Allan B. James scite author profile

Alternative splicing plays crucial roles by influencing the diversity of the transcriptome and proteome and regulating protein structure/function and gene expression. It is widespread in plants, and alteration of the levels of splicing factors leads to a wide variety of growth and developmental phenotypes. The circadian clock is a complex piece of cellular machinery that can regulate physiology and behavior to anticipate predictable environmental changes on a revolving planet. We have performed a system-wide analysis of alternative splicing in clock components in Arabidopsis thaliana plants acclimated to different steady state temperatures or undergoing temperature transitions.
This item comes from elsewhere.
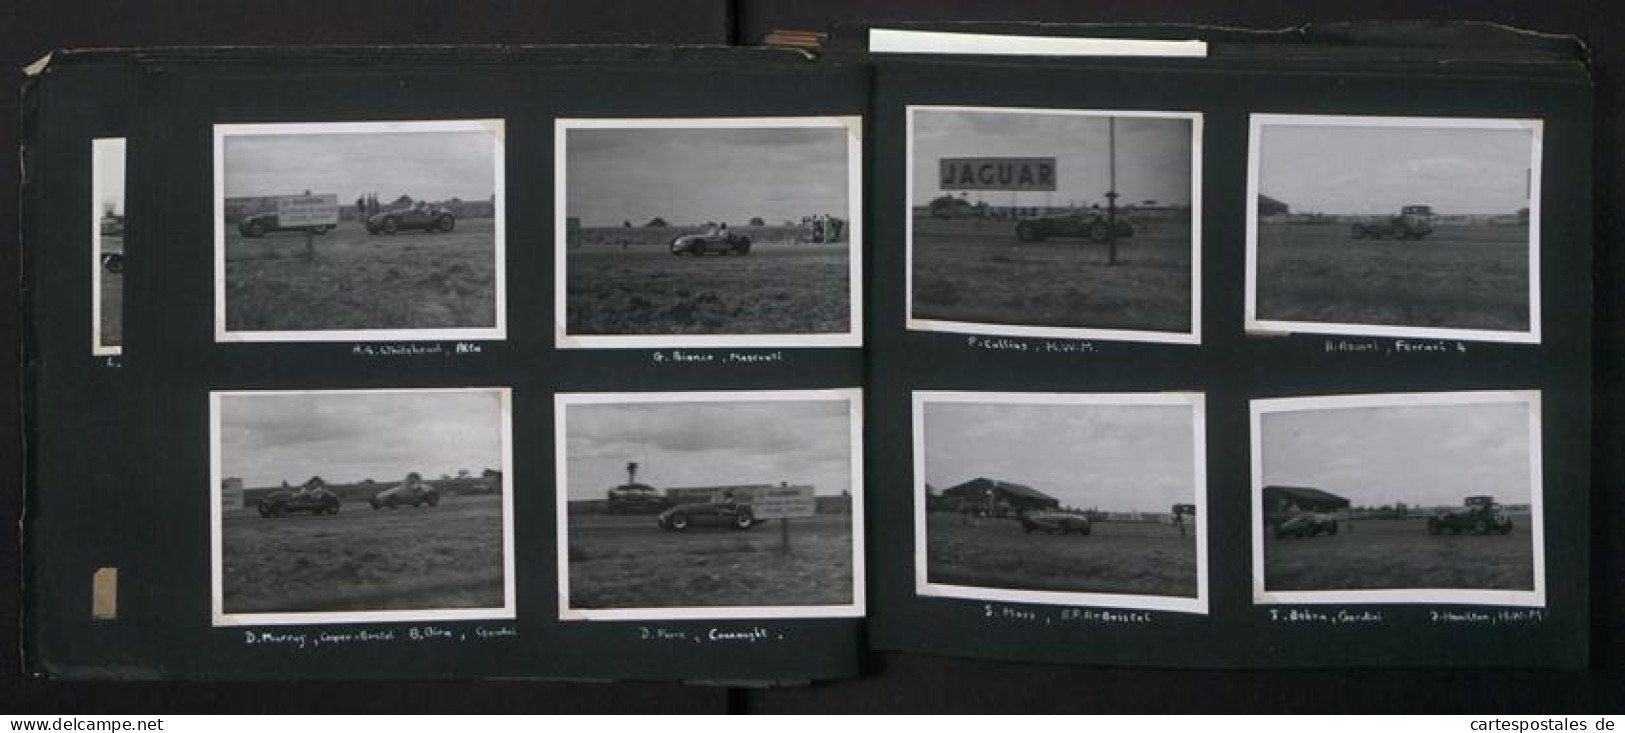 Fotoalbum mit 232 Fotografien Road Raceing 1952-1957, Goodwood, Silverstone, Autorennen, Motorrad, Ferrari, Mercedes 
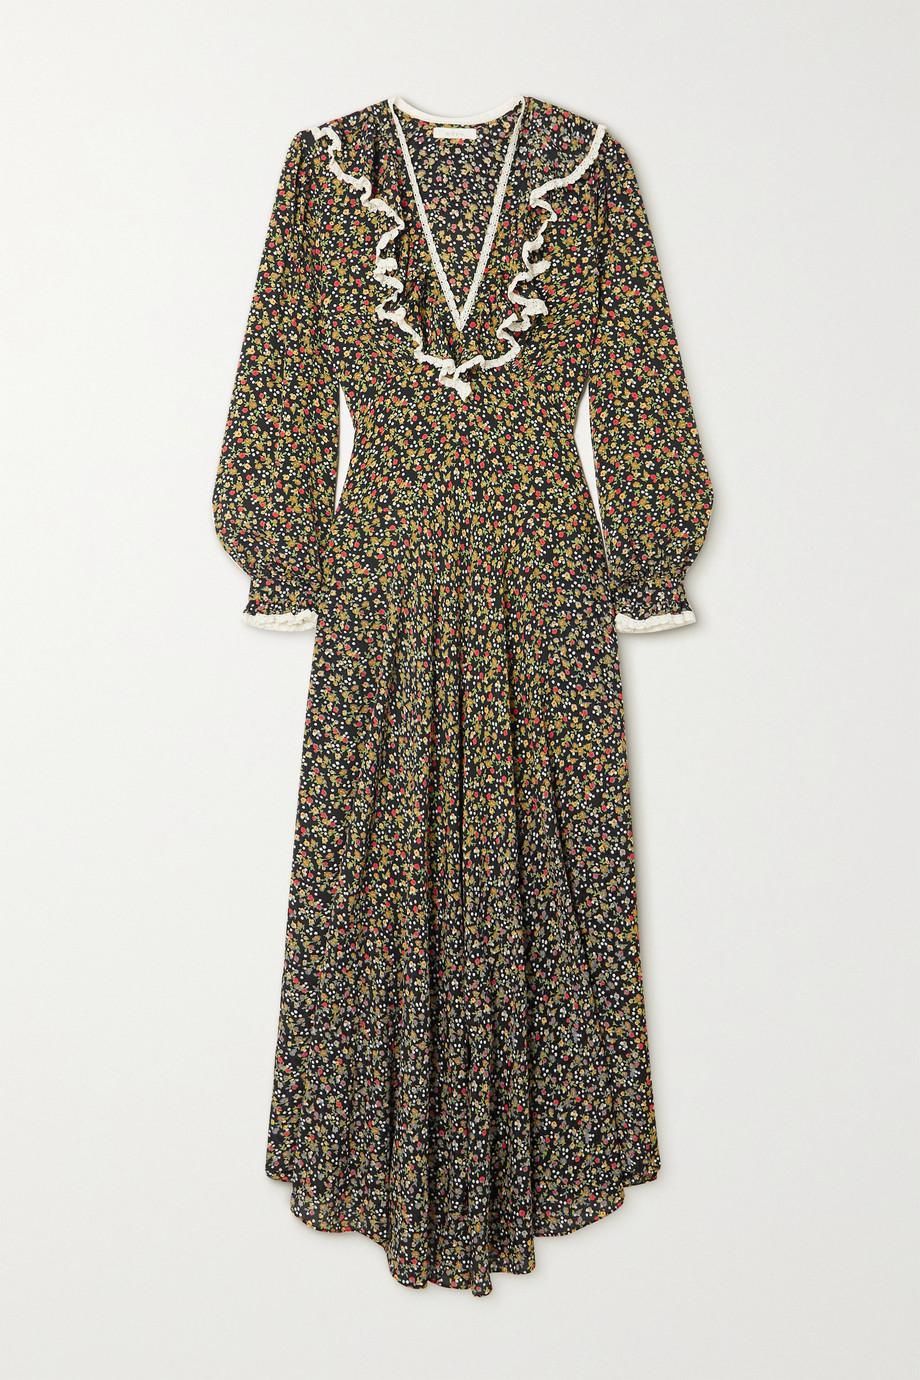 Eugenie Lace-trimmed Floral-print Crepe Dress

This revealed extensive alternative splicing in clock genes and dynamic changes in alternatively spliced transcripts. Several of these changes, notably those affecting the circadian clock genes LATE ELONGATED HYPOCOTYL (LHY) and PSEUDO RESPONSE REGULATOR7, are temperaturedependent and contribute markedly to functionally important changes in clock gene expression in temperature transitions by producing nonfunctional transcripts and/or inducing nonsense-mediated decay. Temperature effects on alternative splicing contribute to a decline in LHY transcript abundance on cooling, but LHY promoter strength is not affected. We propose that temperature-associated alternative splicing is an additional mechanism involved in the operation and regulation of the plant circadian clock.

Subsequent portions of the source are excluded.